That depends on how you define an inverse. [imath] y=x^2 [/imath] has no inverse function and we can say it has no inverse.Is it that \(\displaystyle y = x^2\) has no inverse or that it has an inverse which is not a function?
The inverse being \(\displaystyle x = \pm \sqrt y\)
An inverse is a unary operation. It requires to know on which set!
If we use the language (set) of relations then inverting a relation is simply interchanging the components. If there is a relation [imath] R [/imath] between the sets [imath] A [/imath] and [imath] B [/imath], sometimes written [imath] ARB [/imath] or [imath] A\sim_R B [/imath] then [imath] R [/imath] is a subset of [imath] A\times B .[/imath] Say we have [imath] R=A\times B [/imath] to keep it simple. This means [imath] R=\{(x,y)\,|\,x\in A, y\in B\} .[/imath] The inverse relation would then be [imath] R^{-1}=\{(y,x)\,|\,x\in A,y\in B\} .[/imath] Since [imath] f [/imath] is a relation, we can define a relation [imath] f^{-1} [/imath] by [imath] f^{-1}=\{(f(x),x)\} [/imath] instead of [imath] f=\{(x,f(x))\} .[/imath]

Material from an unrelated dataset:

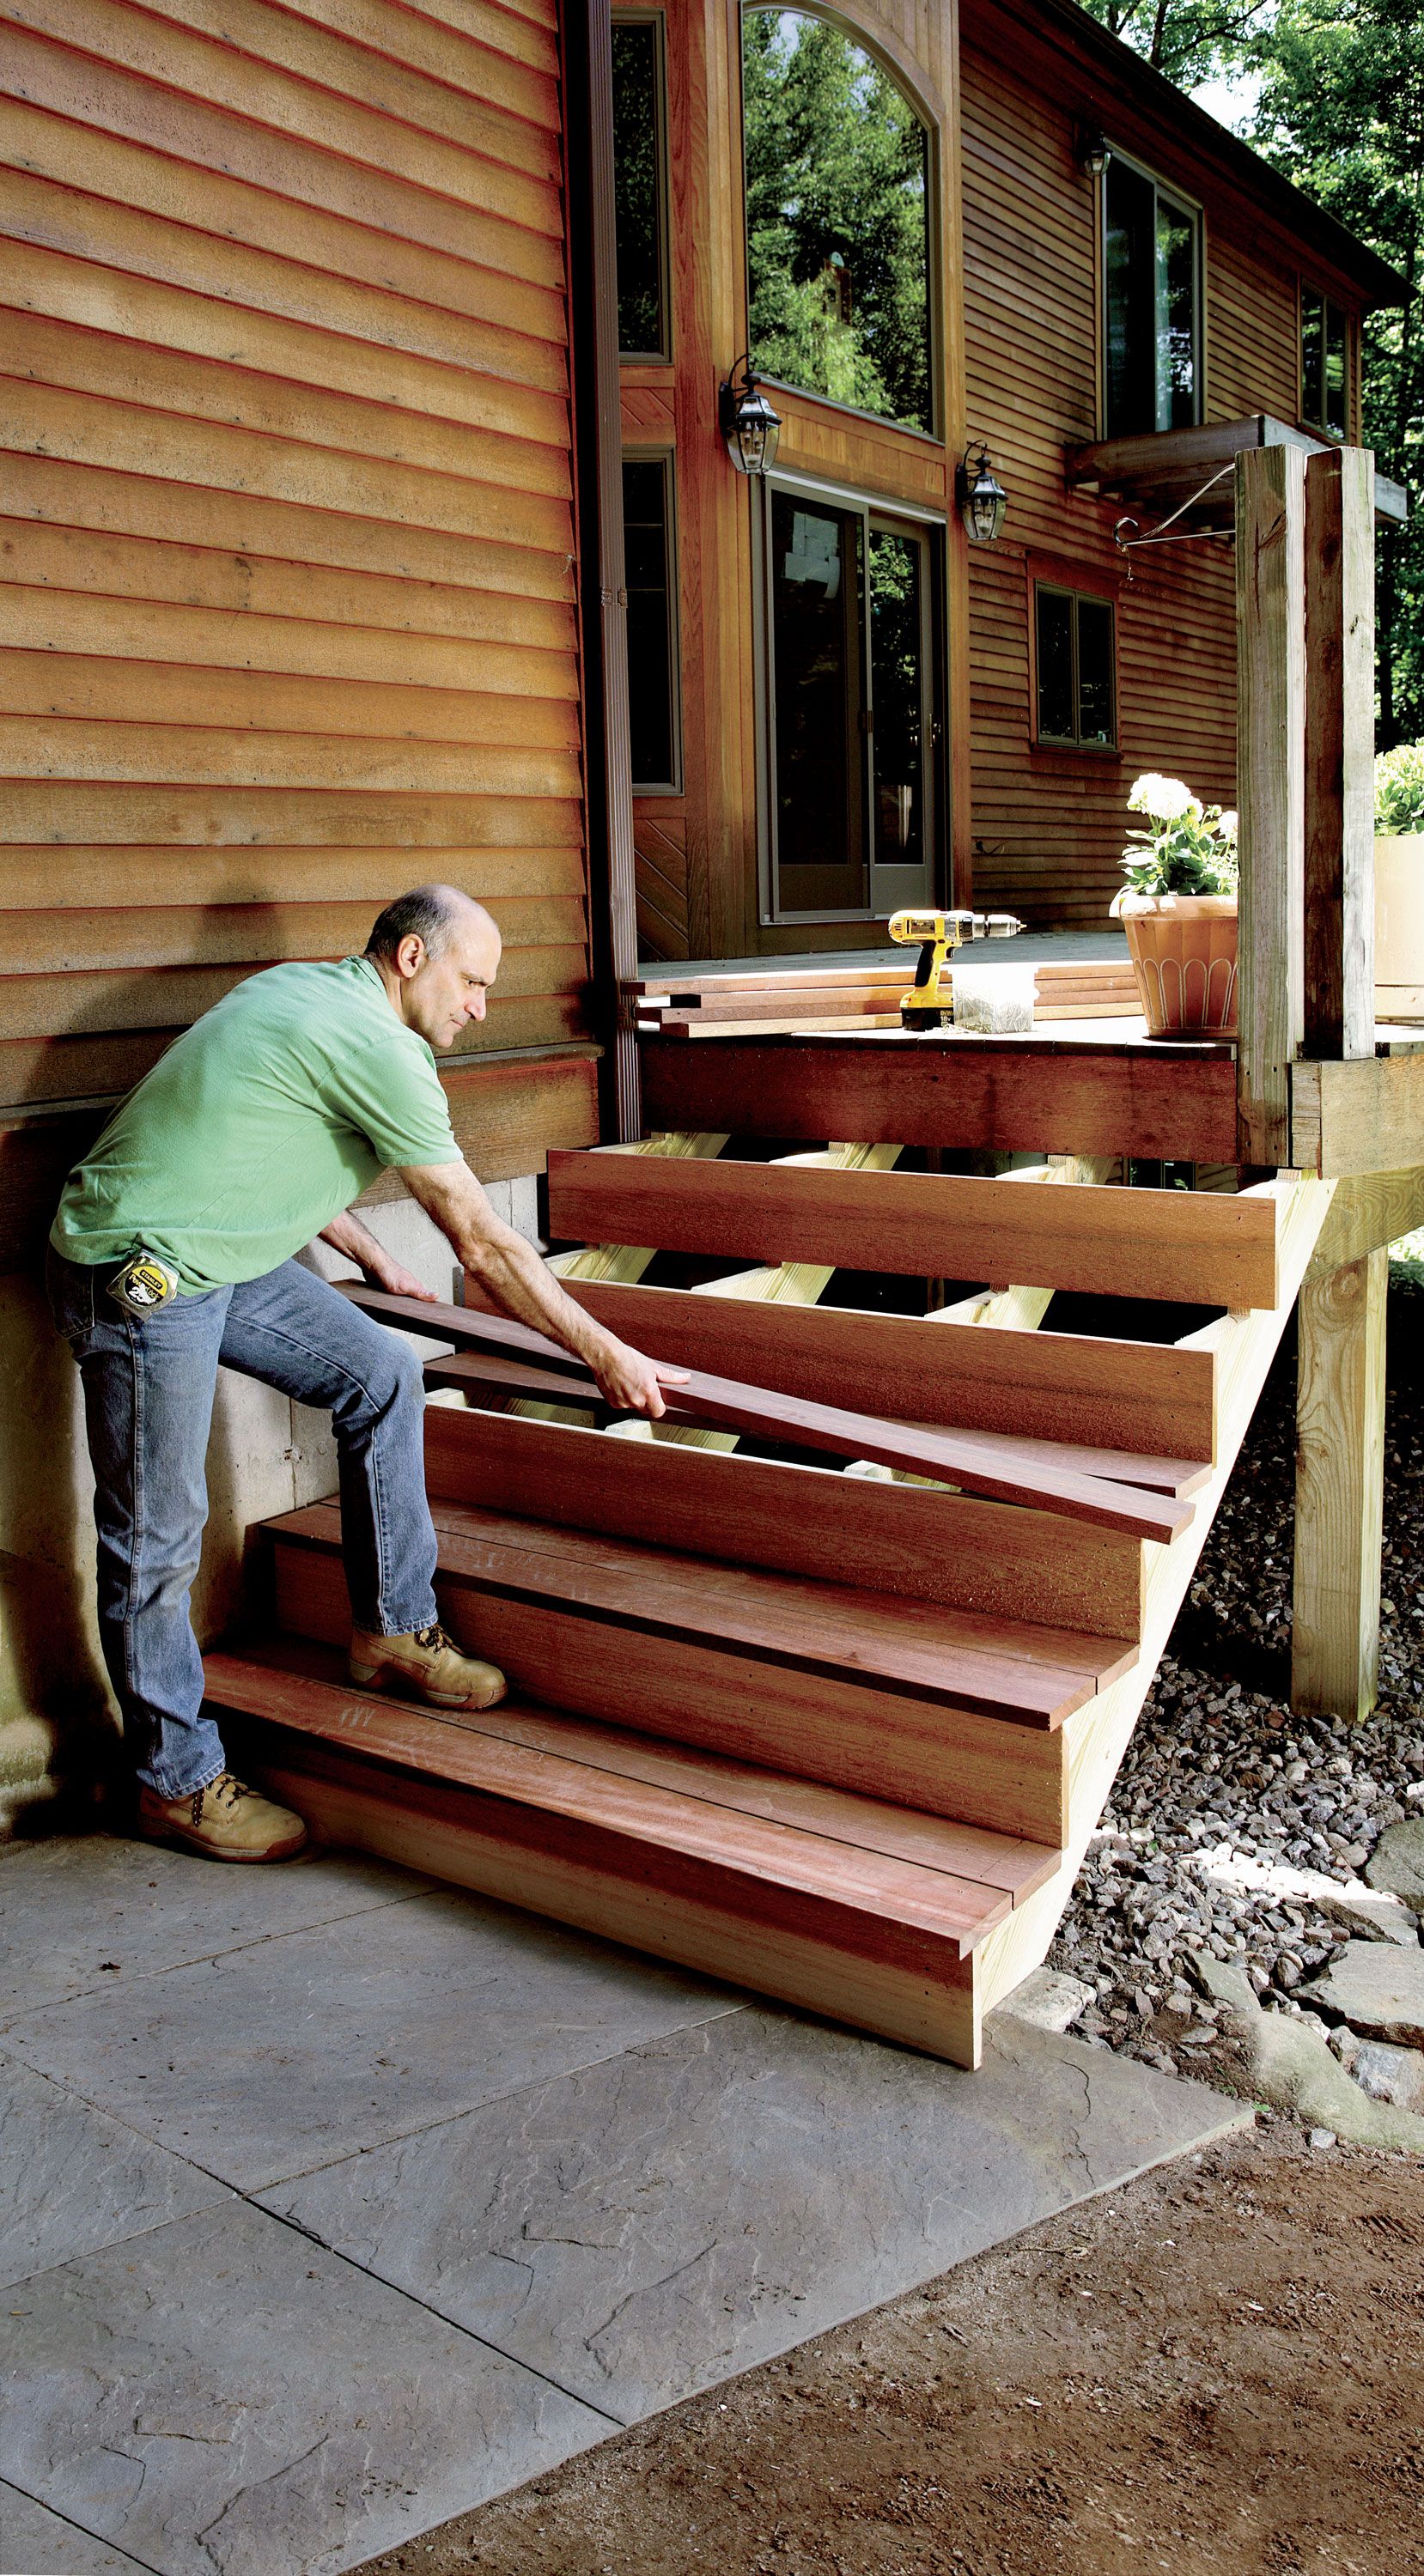 How To Build Stairs Design Plans, How To Install Outdoor Wood Steps

If [imath] f(x)=x^2 [/imath] then [imath] (-1,1),(1,1)\in f [/imath] and [imath] (1,-1),(1,1) \in f^{-1} .[/imath] However, this isn't a function any longer, since this would mean that we have [imath] f^{-1}(1)=-1 [/imath] and [imath] f^{-1}(1)=1 .[/imath]
Long story short ...
... which is no function.The inverse being [imath]f^{-1}(y)= x=\pm \sqrt{y} [/imath]